Native wildlife used to help those in need
We are blessed to live in a state that is bountiful with wildlife. In turn, hunting is a popular sport, and folks show up in our forests by the droves during dedicated hunting seasons. In fact, a lot of enthusiasts plan their vacations around deer season, and rightfully so. It’s a perfect opportunity to embark upon an excursion and fellowship with friends and family in the midst of Mother Nature.
The reasons people enjoy the sport are several fold, and hunters’ intentions also vary. Some people have a sweet tooth for venison and appreciate the opportunity to partake in the natural bounties that have been bestowed upon us. There are also hunters, on the other hand, who are not so much into eating wild meat as they are into the sport.
In turn, some folks are in search of that trophy, while others are more interested in harvesting game that is more conducive to eating. Regardless of one’s drive, neither of the reasons are wrong, and it’s each and every person’s prerogative to enjoy the sport for whatever their reason might be. Regardless of one’s reasoning, there are plenty of deer to go around. In fact, it’s not beyond the realms of possibility for a hunter to harvest several deer in one season, lending to more meat than a family will devour throughout the entire year.
I’m confident all true sportsmen will agree that it is of utmost importance to not waste one of our state’s greatest natural commodities. Protein, especially meat that is untainted with growth hormones and other chemicals, is a welcomed addition to most kitchens throughout the state.
Many of us take meat for granted. But there are others who are not as fortunate. Despite our status, it’s important to remember that nobody is immune to the possibility of falling on hard times.
Let’s face it: Arkansas is not known as a wealthy state.

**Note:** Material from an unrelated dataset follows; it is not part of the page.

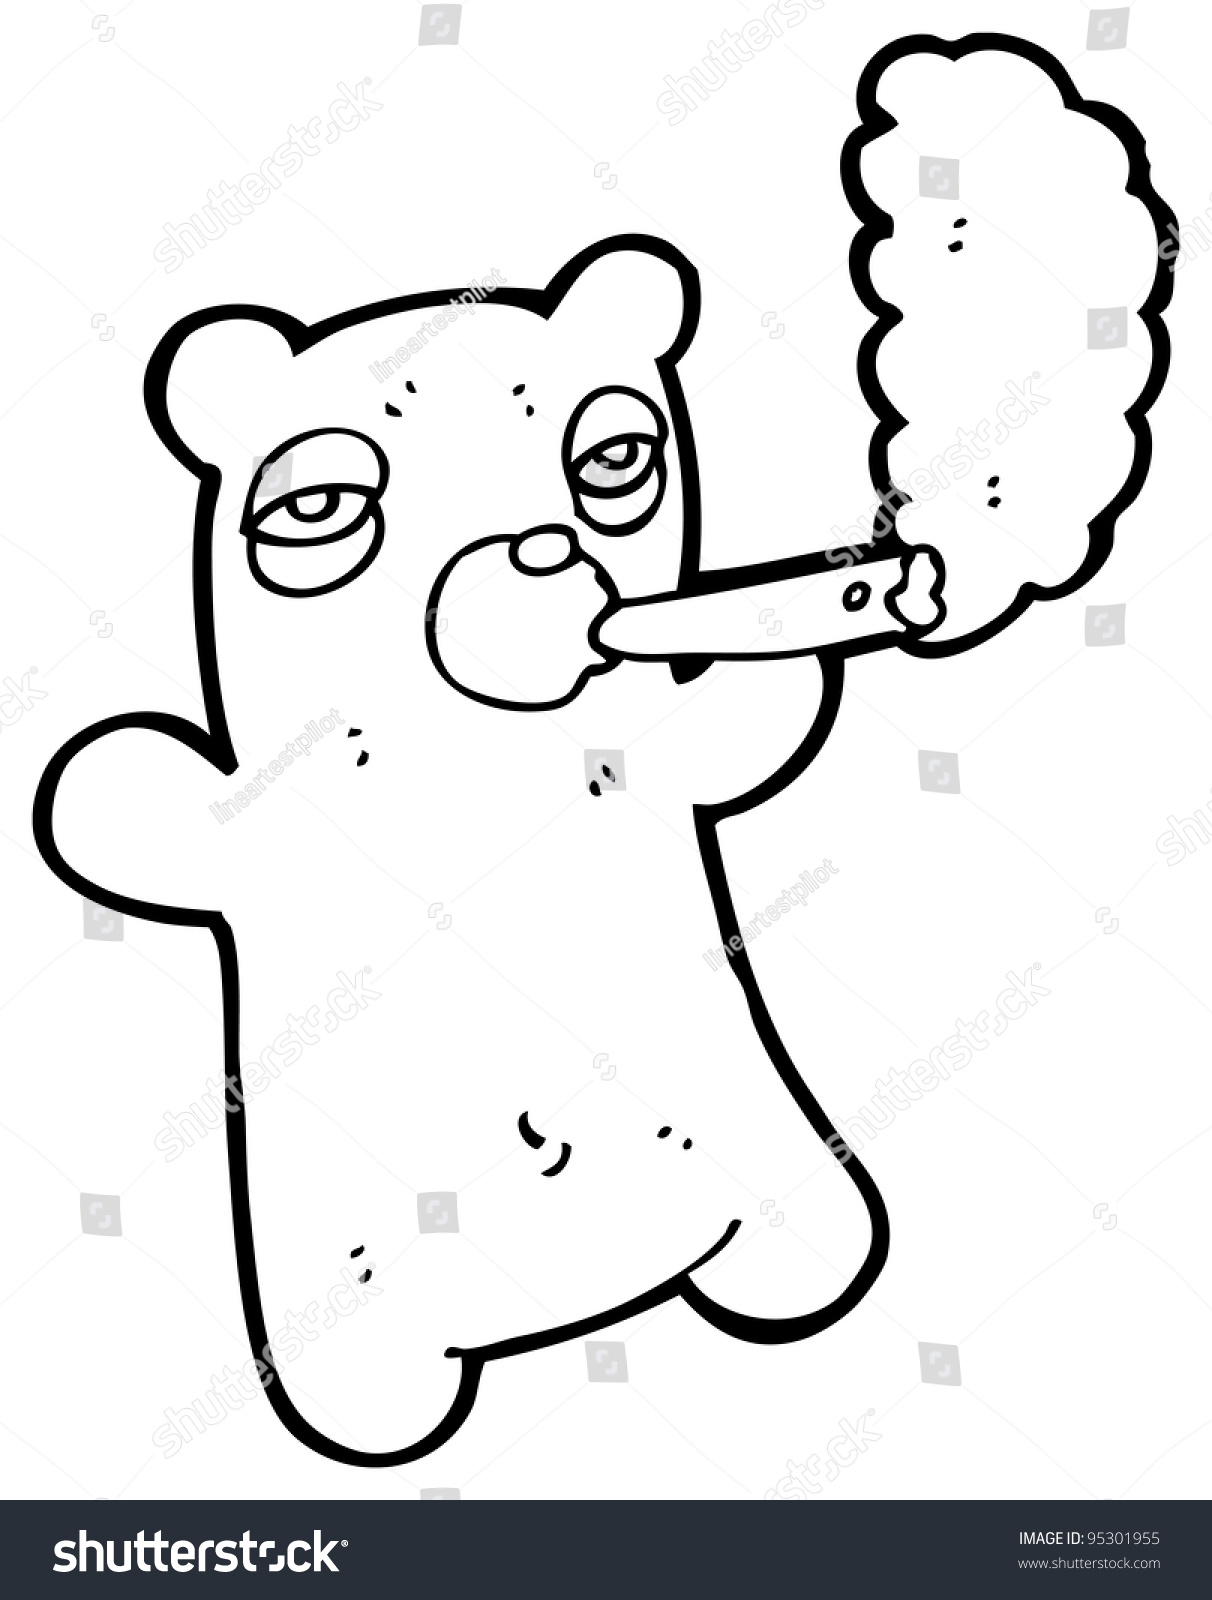 Bear Smoking Joint Cartoon: стоковая иллюстрация, 95301955 Shutterstock.
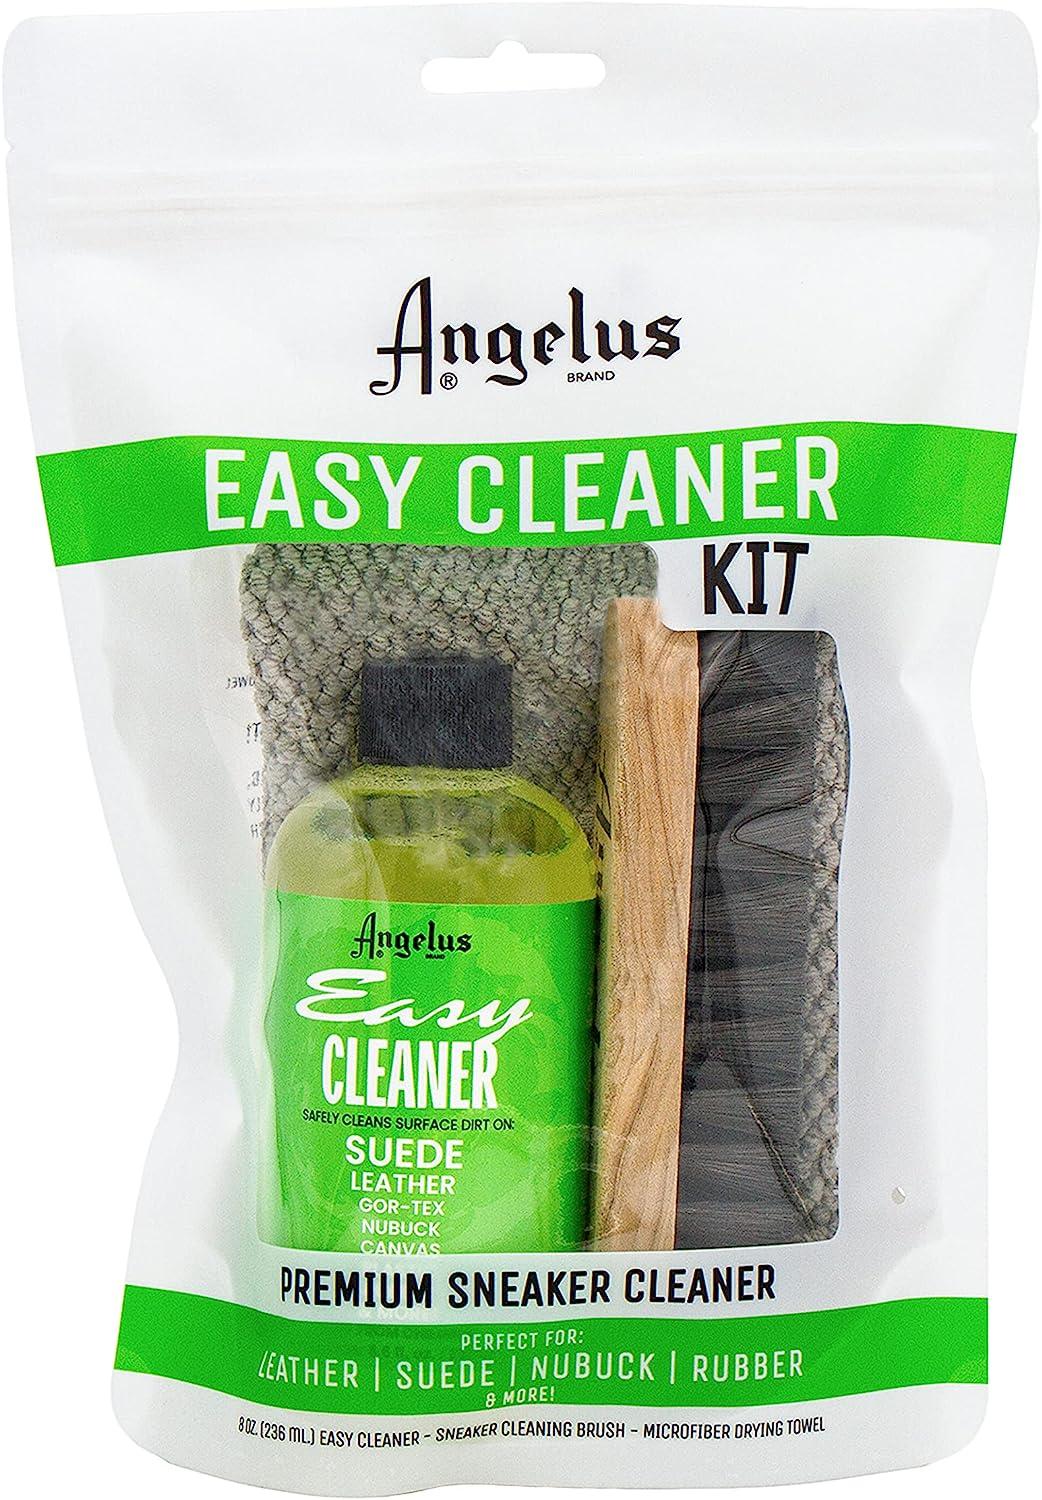 Angelus Foam-Tex Cleaning Kit, Sneaker Cleaner

And even though some are fortunate enough to have a nest egg, others are barely keeping their heads above the water.
In such cases, nothing more than an injury or a bout with illness is enough to send many families into an economical spiral to a point that feeding one’s family could become a struggle.
The responsibility of the hunter was relatively simple, but the activities behind the scene were noticeably more laborious. But with persistence and dedication a plan was devised and a nonprofit referred to as Arkansas Hunters Feeding the Hungry came to fruition.
It would take a small village to ensure the program proved a success. Along with a generous public, sponsors and agencies willing to help with distribution were essential. Fortunately, several local businesses, schools, and pantries recognized the value of the organization and jumped onboard. In turn, the program has proved a great means of supplying a healthy protein to those in need.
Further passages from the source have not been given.